I saw my city die: Civilian suffering in cities

United Nations OCHA
Humanitarian Dispatches
4 min readAug 17, 2017
Civilians leaving the neighborhood of Mahallat al Jawsaq — Mosul Train Station at night time during the second phase of the military offensive to retake the city from armed groups. March 2017. Credit: Andre Liohn/ICRC

Around the world, millions of civilians are trapped in armed conflict, hiding and running for their lives amid widespread destruction. For this year’s World Humanitarian Day on 19 August, the global community is coming together to reaffirm that civilians are #NotATarget.

In this essay, the International Committee of the Red Cross explains how cities in Syria, Yemen and Iraq have become today’s battlefields, and what can be done to protect civilians in urban areas.

As stories from conflicts in Iraq, Syria and Yemen fill our screens daily, images of destroyed skylines have become frighteningly common. Urban scenes of families barely surviving amid twisted metal and walls peppered with shrapnel and bullet scars are sadly too familiar.

They are images that point to a worrying trend: urban warfare has become the norm. The battles of the twenty-first century are taking place in cities.

The International Committee of the Red Cross (ICRC) recently published a report titled ‘I saw my city die’, which found that five times more civilians die in offensives carried out in cities than in other battles. The research showed that over the past three years, wars in cities in Iraq and Syria accounted for at least 70 per cent of all civilian deaths in six provinces in those countries. ICRC’s Regional Director for the Middle East, Robert Mardini, warned: that “a new scale of urban suffering is emerging, where no one and nothing is spared by the violence.”

The report also includes testimonies from residents who have experienced this urban warfare up close. Yasser Mustafa Najjar has lived with his family in Syria’s east Aleppo area for decades. The conflict in that country brought daily deprivation and danger, with shortages of food, water and fuel. But the battle for Aleppo brought personal tragedy to Yasser. “My son died here in the rubble,” he said. “Two floors collapsed on him. He suffocated… He was a good person, God bless him, generous, a hard worker, respectful and honest.”

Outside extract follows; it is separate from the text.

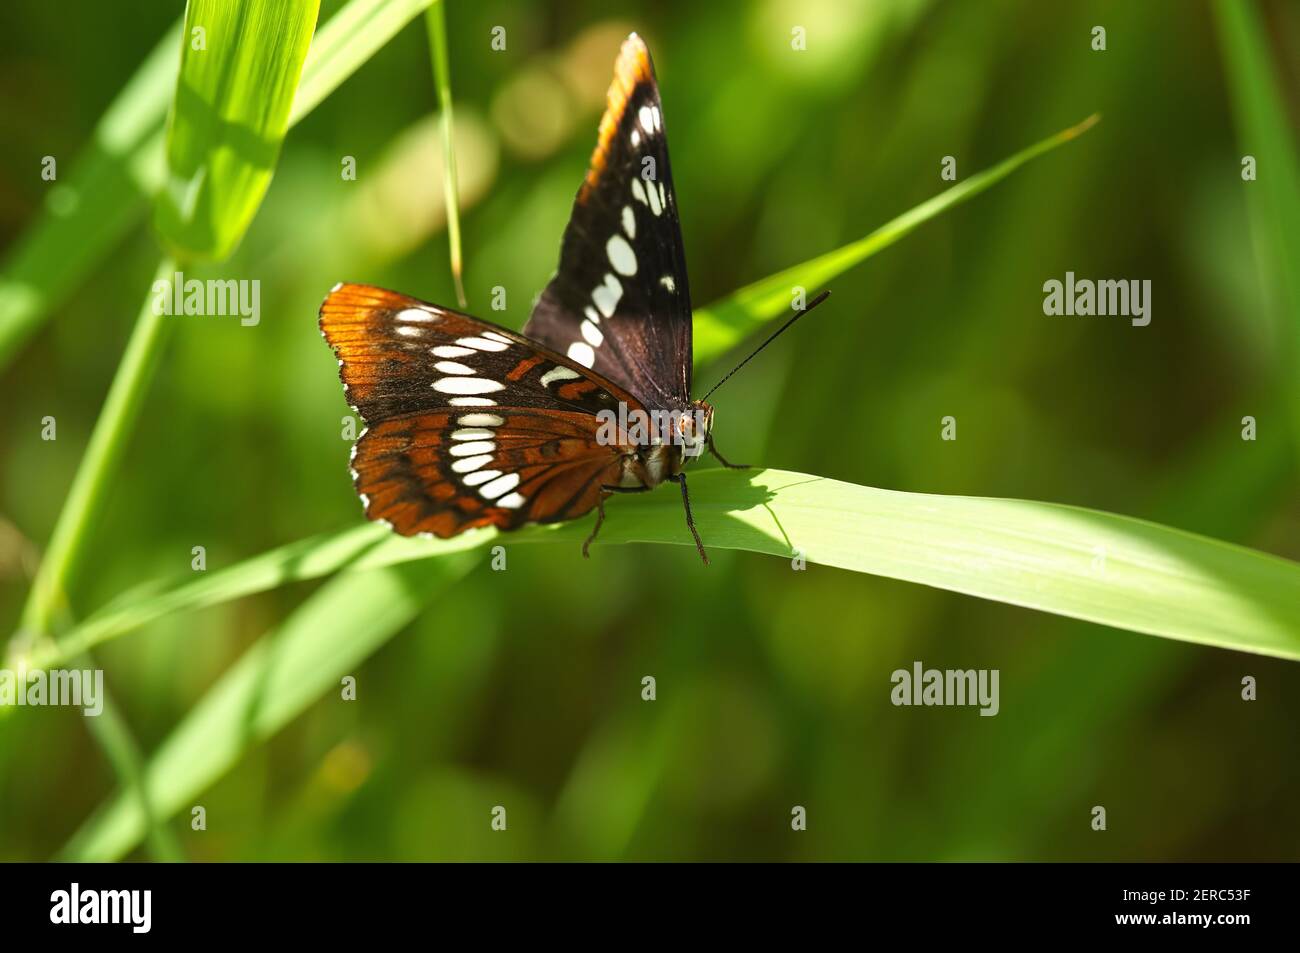 A Lorquin`s Admiral butterfly (Limenitis lorquini) perched on a blade of grass. Stock Photo

The ICRC and the Syrian Arab Red Crescent assess the living conditions in eastern Aleppo’s Masaken Hanano district if people decide to return there. November 2016. Credit: Sevim Turkmani/SARC

The fighting in Aleppo represents the complex suffering of civilians who are caught up in twenty-first century urban battlefields. In a city, everything is connected and the impacts of warfare are quickly multiplied. A single pipe broken by a high-impact explosive weapon in a populated area can deprive 100,000 people of water. That same weapon may also destroy the neighbourhood’s sewage system, causing thousands of people to fall ill and placing further strain on already overstretched hospitals. Local economies collapse and populations flee, leaving fewer doctors and engineers, and no money to pay the salaries of those who remain. One attack can trigger a ripple effect of long-term suffering.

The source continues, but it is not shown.